Considering my scenarios, do I have a good primary key? The reason why I have a clustered key across gameId, playerName and score is simply because I want to make sure that all data for a given game is in the same area and that score is already sorted. Most of the time I will display the data is descending order of score (+ updatedDateTime for ties) for a given gameId. Is this a right strategy? In other words, I want to make sure that I can run my queries to get the rank of my players as fast as possible.
CREATE TABLE score (
[gameId] [smallint] NOT NULL,
[playerName] [nvarchar](50) NOT NULL,
[score] [int] NOT NULL,
[createdDateTime] [datetime2](3) NOT NULL,
[updatedDateTime] [datetime2](3) NOT NULL,
PRIMARY KEY CLUSTERED ([gameId] ASC, [playerName] ASC, [score] DESC, [updatedDateTime] ASC)
CREATE NONCLUSTERED INDEX [Score_Idx] ON score ([gameId] ASC, [score] DESC, [updatedDateTime] ASC) INCLUDE ([playerName])
Below is the first iteration of the query I will be using to get the rank of my players. However, I am a bit disappointed by the execution plan (see below). Why does SQL need to sort? The additional sort seem to come from the RANK function. But isn’t my data already sorted in descending order (based on the clustered key of the score table)? I am also wondering if I should normalize a bit more my table and move out the PlayerName column in a Player table. I originally decided to keep everything in the same table to minimize the number of joins.
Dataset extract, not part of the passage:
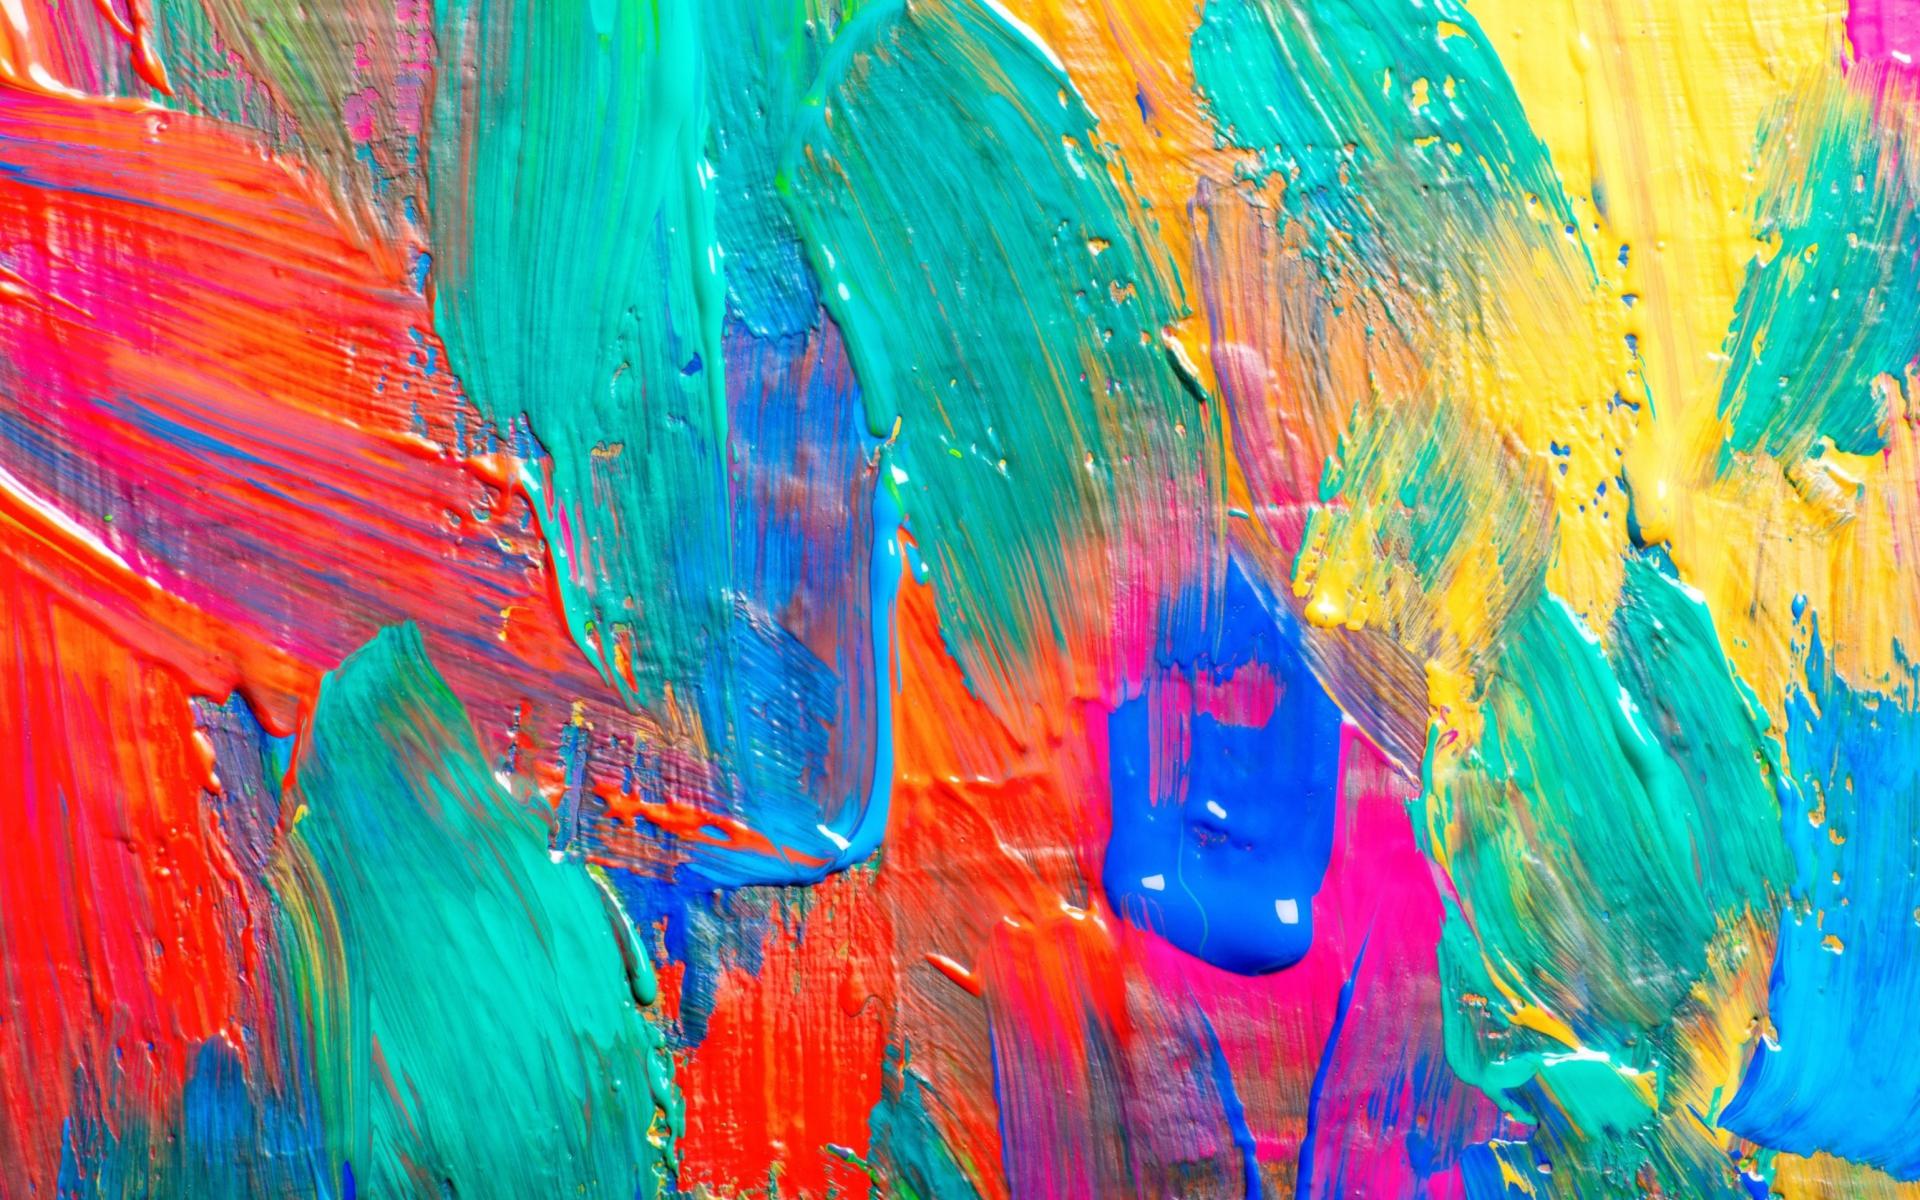 acrylic paint fondos de pantalla gratis para widescreen

DECLARE #GameId AS INT = 0
DECLARE #From AS DATETIME2(3) = '2013-10-01'
SELECT DENSE_RANK() OVER (ORDER BY Score DESC), s.PlayerName, s.Score, s.CountryCode, s.updatedDateTime
FROM [mrgleaderboard].[score] s
WHERE s.GameId = #GameId
AND (s.UpdatedDateTime >= #From OR #From IS NULL)
Thank you for the help!
[Updated]
Primary key is not good
You have a unique entity that is [GameID] + [PlayerName]. And composite clustered Index > 120 bytes with nvarchar. Look for the answer by #marc_s in the related topic SQL Server - Clustered index design for dictionary
Your table schema does not match of your requirements to time periods
Ex.: I earned 300 score on Wednesday and this score stored on leaderboard. Next day I earned 250 score, but it will not record on leaderboard and you don't get results if I run a query to Tuesday leaderboard
For complete information you can get from a historical table games played score but it can be very expensive
CREATE TABLE GameLog (
[id] int NOT NULL IDENTITY
CONSTRAINT [PK_GameLog] PRIMARY KEY CLUSTERED,
[gameId] smallint NOT NULL,
[playerId] int NOT NULL,
[score] int NOT NULL,
[createdDateTime] datetime2(3) NOT NULL)
Here are solutions to accelerate it related with the aggregation:
Indexed view on historical table (see post by #Twinkles).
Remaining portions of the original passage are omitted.